Et si l’on prenait un bain chaud le soir pour se calmer et se préparer au sommeil ? Mauvaise idée ! Quand il se programme pour dormir, l’organisme diminue sa température interne. Il faut donc respecter le processus et opter plutôt un bain (ou une douche) tiède, 37°C au maximum pour mieux dormir.

CONSEIL N°15 : NE PAS FAIRE DE SIESTE TROP LONGUE OU TROP TARDIVE

La sieste est une solution pour restaurer la vigilance pour le reste de la journée. Pour ne pas perturber la nuit, la sieste devra être réalisée en début d’après-midi et être courte. L’idéal étant une micro sieste durant de 20 min maximum, temps d’endormissement compris.

En revanche si vous avez de grosses difficultés d’endormissement le soir, la sieste n’est pas recommandée.

CONSEIL POUR MIEUX DORMIR N°16 : EVITER LES EXCITANTS

Nous sommes nombreux à utiliser la caféine, la théine ou autres boissons énergisantes pour leurs effets stimulants. Le problème est que leurs effets durent longtemps. Il est donc conseillé d’arrêter d’en prendre en milieu d’après-midi, vers 15H. La caféine retarde l’endormissement, augmente les réveils nocturnes et réduit le temps de sommeil. Alors pensez-y au moment de prendre café, thé, cola et autres boissons énergisantes.

CONSEIL N°17 : EVITER L’ALCOOL ET LE TABAC

Pour mieux dormir, mieux vaut éviter alcool et tabac avant le coucher. En effet la nicotine est un stimulant. Elle retarde l’endormissement tout en augmentant les réveils nocturnes. La nicotine rend également le sommeil plus léger. Quant à l’alcool, malgré une action sédative en début de nuit, il ne permet pas un bon sommeil réparateur. En effet l’alcool favorise l’instabilité du sommeil avec des éveils nocturnes fréquents.

D’autant plus que l’alcool et la cigarette aggravent le ronflement qui perturbera à coup sûr le sommeil de votre conjoint !

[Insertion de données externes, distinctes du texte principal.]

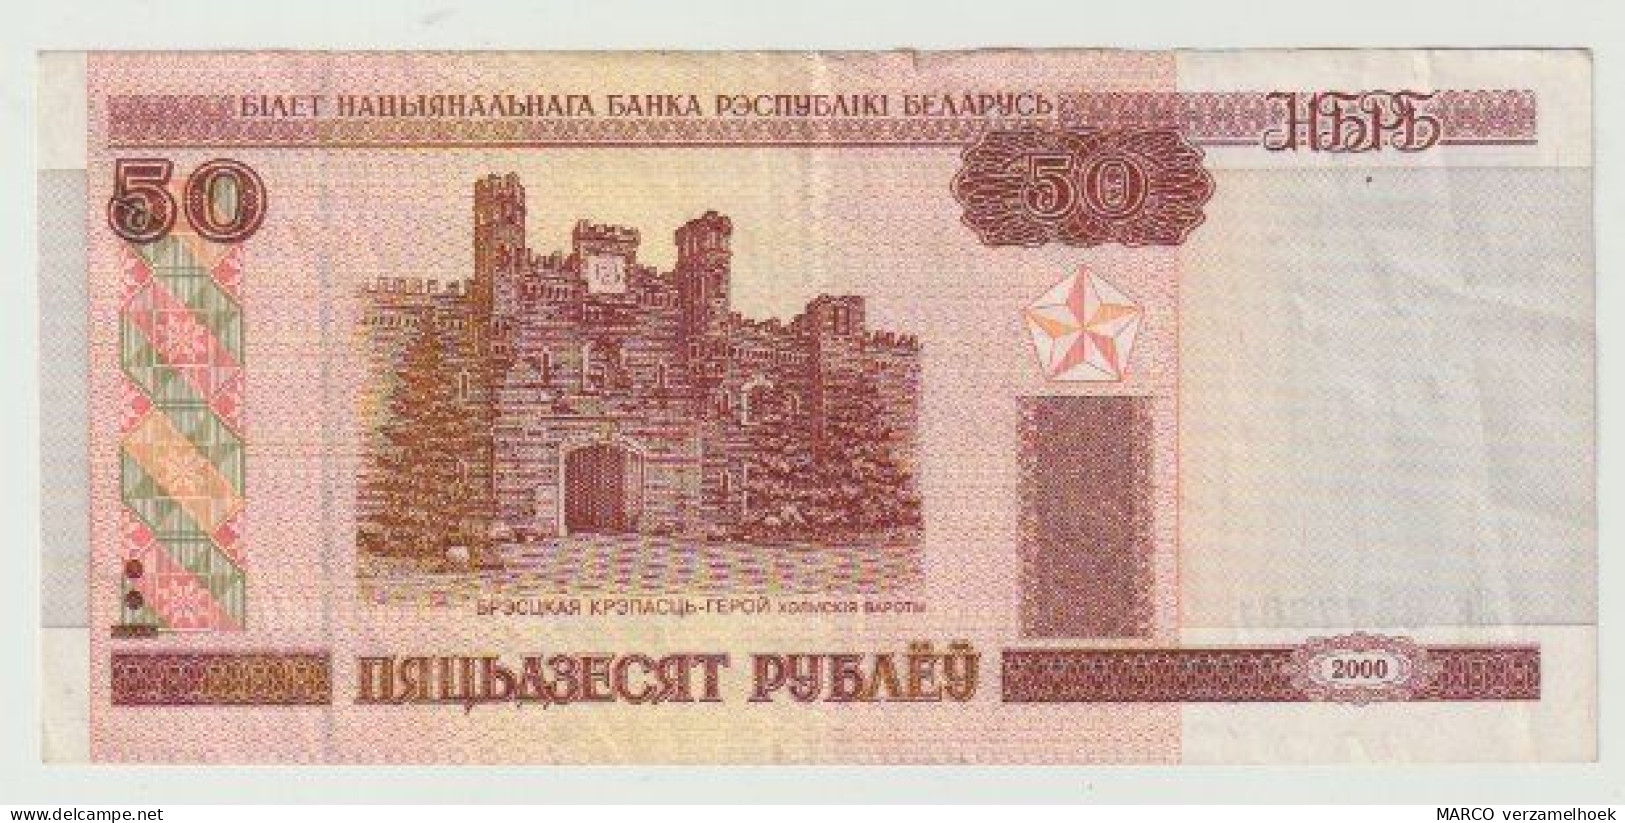 Used Banknote Wit-rusland Belarus 50 Rublei 2000 - Belarus
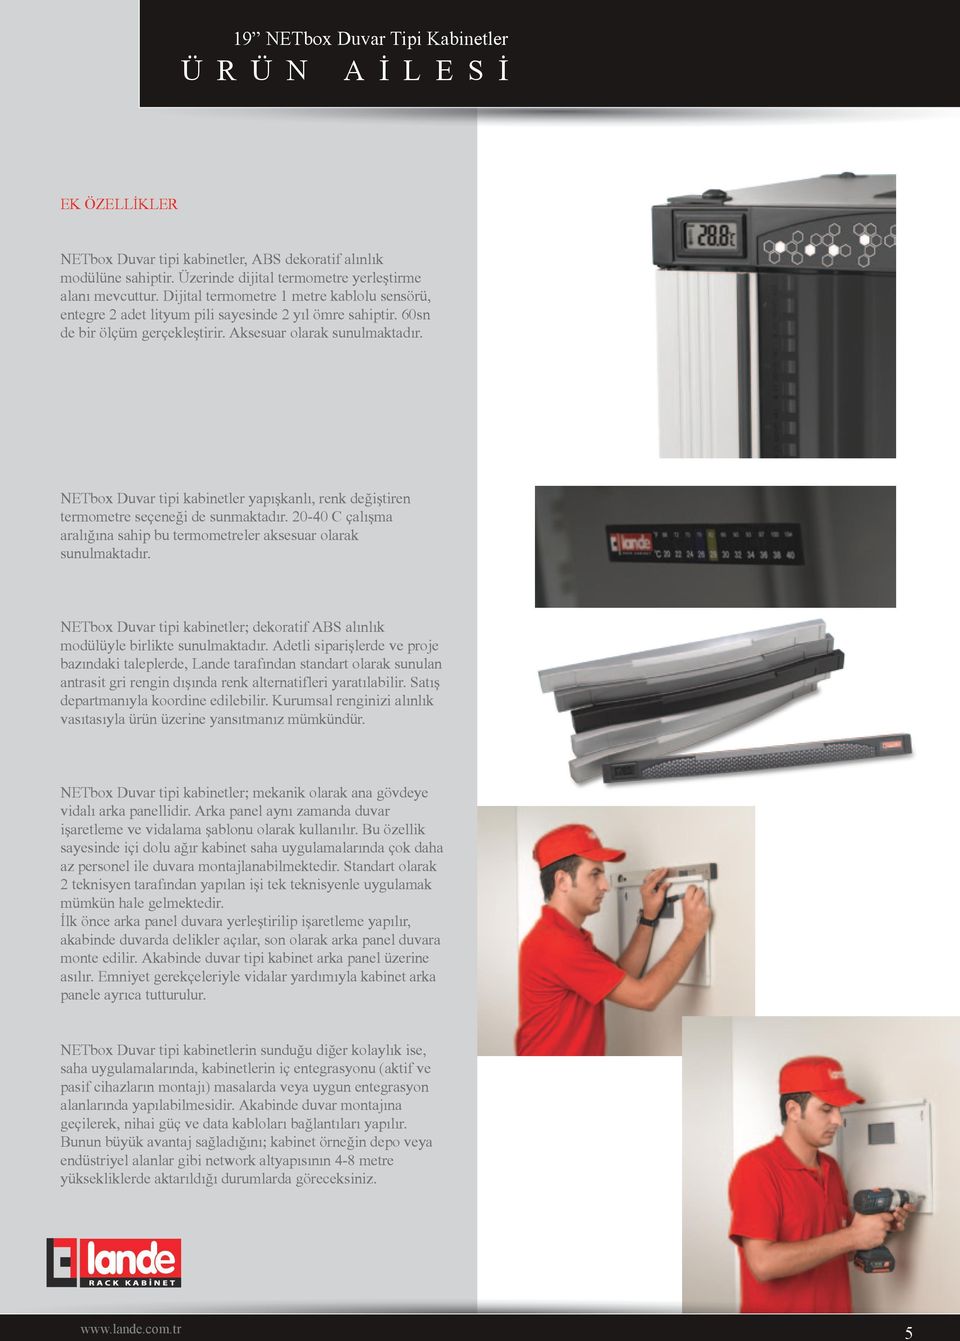 NETbox Duvar tipi kabinetler yapışkanlı, renk değiştiren termometre seçeneği de sunmaktadır. 20-40 C çalışma aralığına sahip bu termometreler aksesuar olarak sunulmaktadır.

COMMENT RETROUVER LE SOMMEIL SI MALGRÉ TOUT L’INSOMNIE VOUS TOUCHE ?

ASTUCE N°1 : SE LEVER ET MARCHER

Si au bout de 20 minutes vous vous retournez dans votre lit sans parvenir à vous endormir, n’hésitez pas à vous lever pour marcher un peu. Cela évitera l’anxiété de l’insomnie. Vous éviterez de vous focaliser sur ce sommeil qui ne vient pas.

ASTUCE N°2 : RESTER DANS L’OBSCURITÉ

Evitez d’allumer la lumière pour ne pas perturber la production de mélatonine. Si vous décidez de prendre un livre pour patienter en attendant le prochain train de sommeil, préférez une lumière tamisée. Et surtout évitez les écrans !

ASTUCE N°3 : EVITER LES SOMNIFÈRES

Les somnifères peuvent représenter une solution sur le court terme car ils permettent effectivement de s’endormir mais leur accoutumance est avérée. Ils procurent un sommeil moins réparateur et peuvent avoir des effets secondaires. Préférez des remèdes naturels, comme des boissons chaudes qui vous aideront à dormir. Optez pour des boissons à base de plantes comme la camomille ou le tilleul aux vertus relaxantes.

 

De nombreuses solutions sont possibles pour mieux dormir. Toute la difficulté pour retrouver un sommeil de qualité réside dans le fait que ces conseils sont cumulatifs. En effet il sera compliqué de bien dormir si vous êtes angoissé, s’il y a du bruit dans la rue et que vous êtes un adepte des écrans le soir. Retrouver des nuits reposantes implique d’avoir une bonne hygiène de vie et une rigueur dans la gestion de son emploi du temps.